> **WHAT YOU NEED TO DO**
Skip every picture, and copy exactly the lines from the one containing "polished cement $1500" to the end of the data.

> **SUPPLIED INFORMATION**
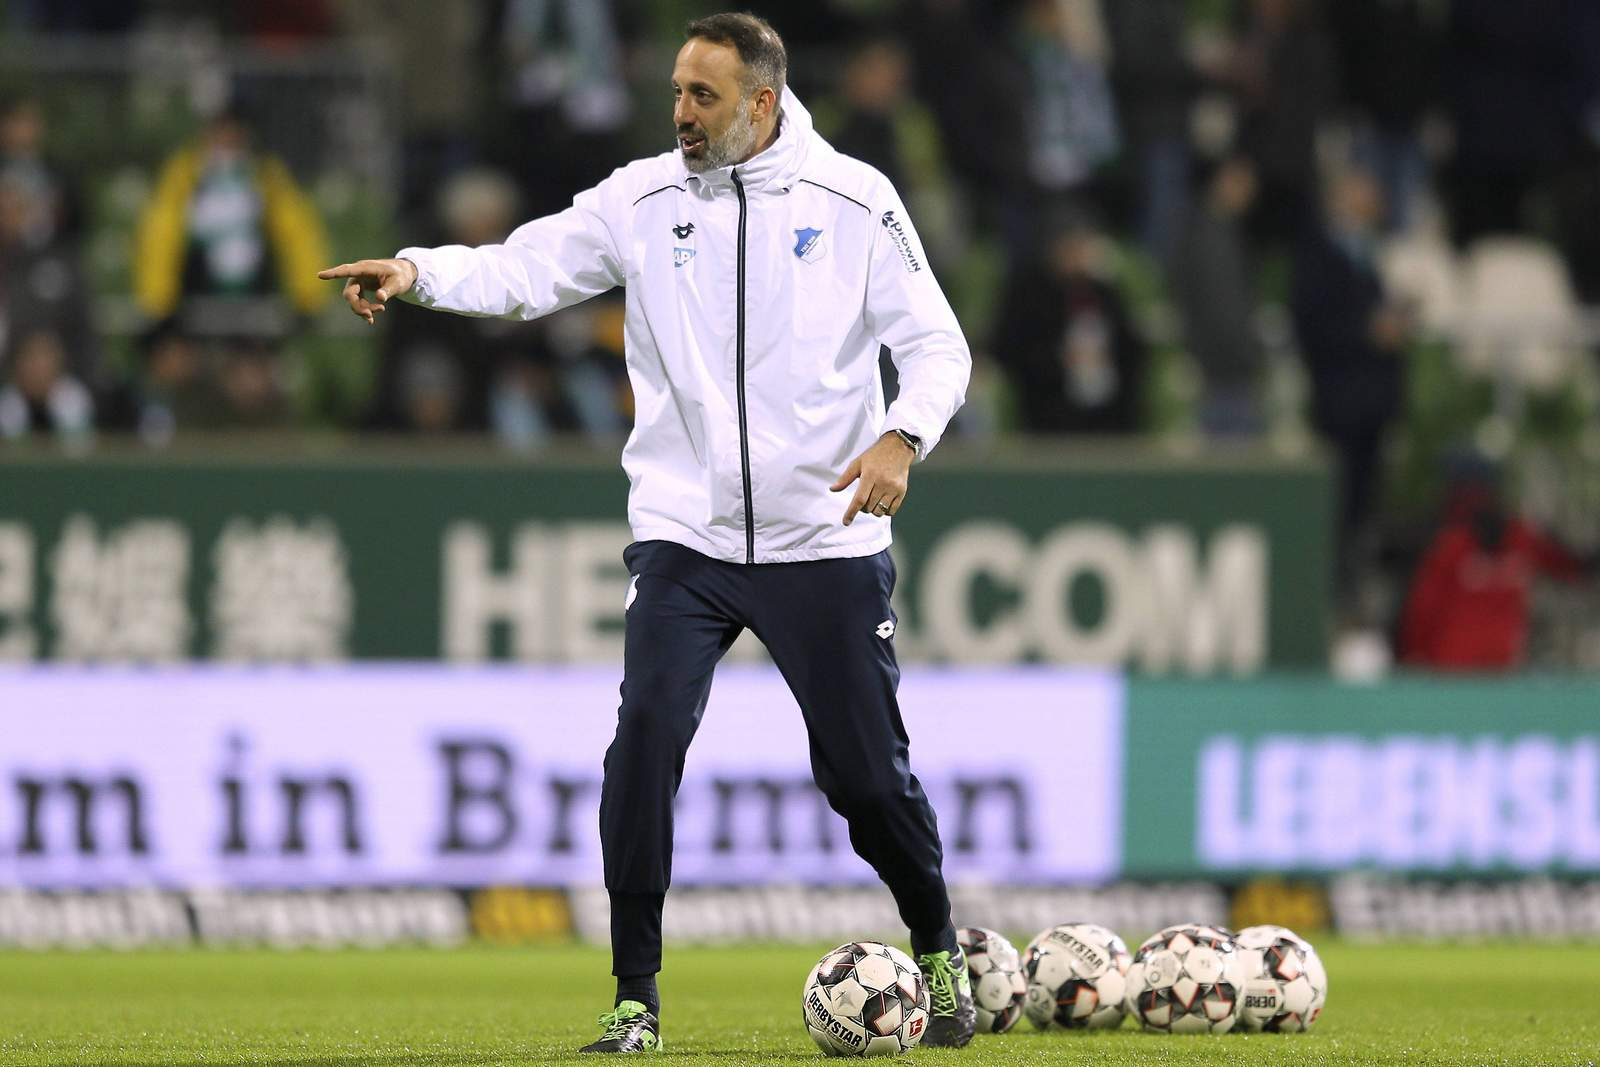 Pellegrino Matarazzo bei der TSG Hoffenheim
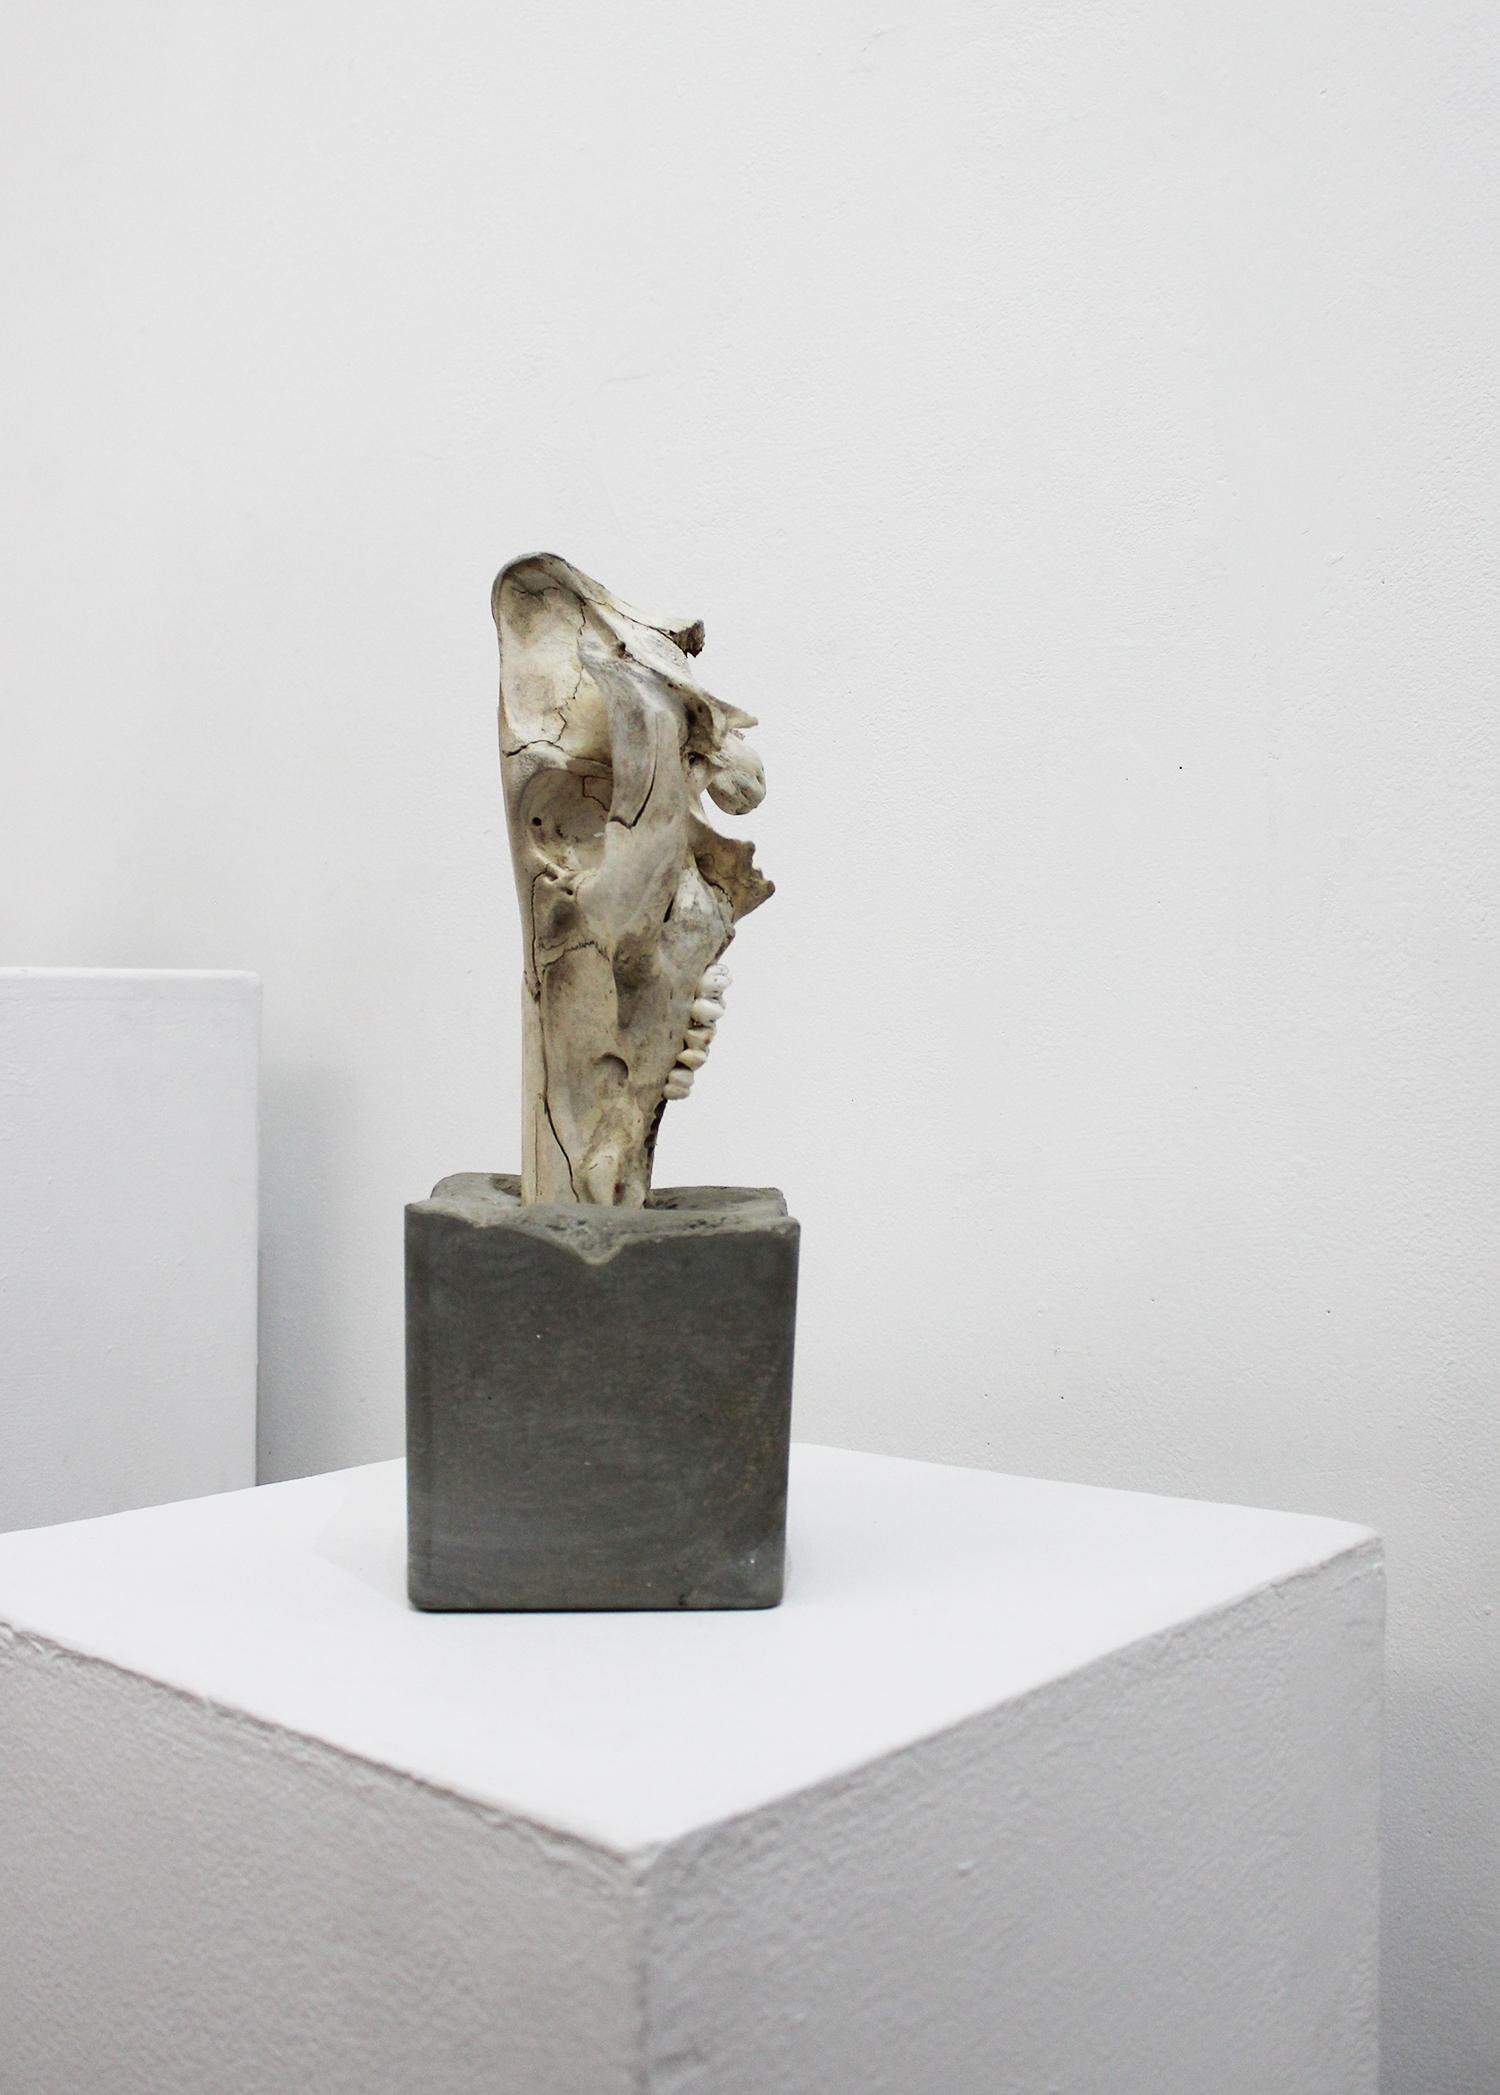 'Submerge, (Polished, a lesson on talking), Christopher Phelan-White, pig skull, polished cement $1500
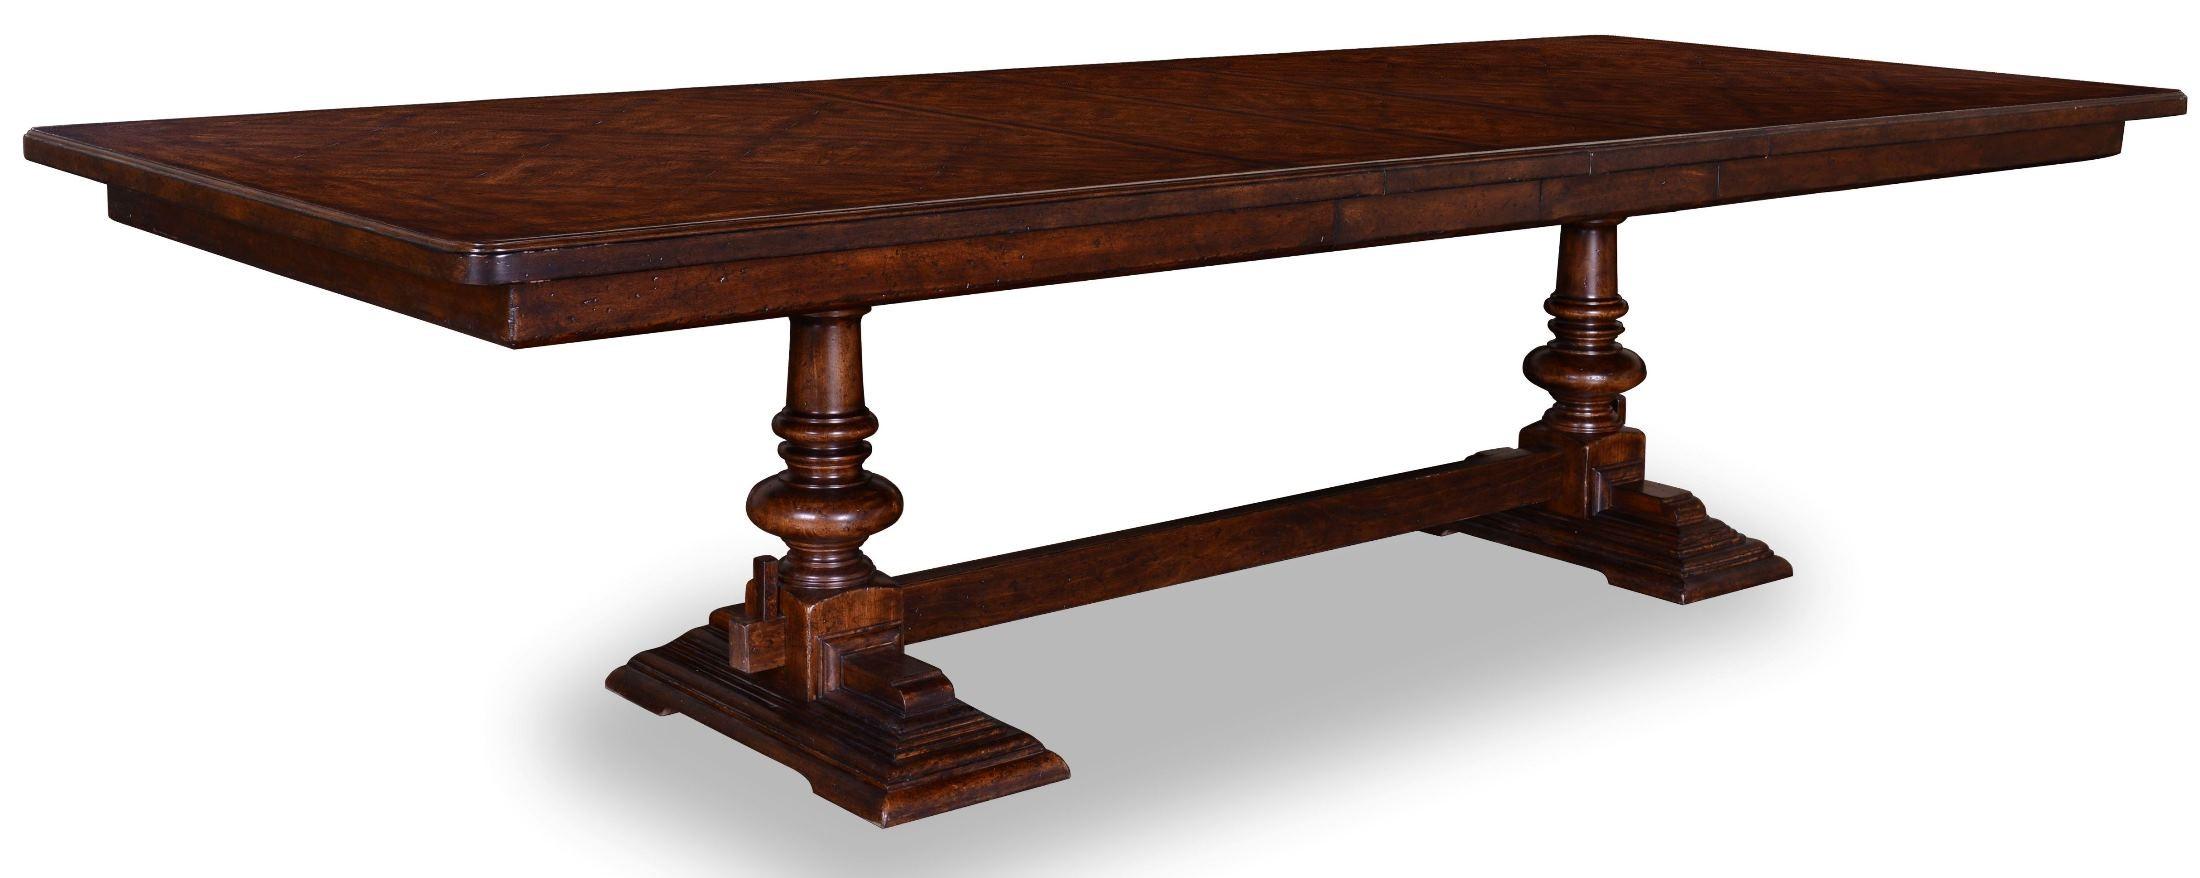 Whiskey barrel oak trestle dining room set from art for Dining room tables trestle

> **RESULT**
 'Submerge, (Polished, a lesson on talking), Christopher Phelan-White, pig skull, polished cement $1500
 Whiskey barrel oak trestle dining room set from art for Dining room tables trestle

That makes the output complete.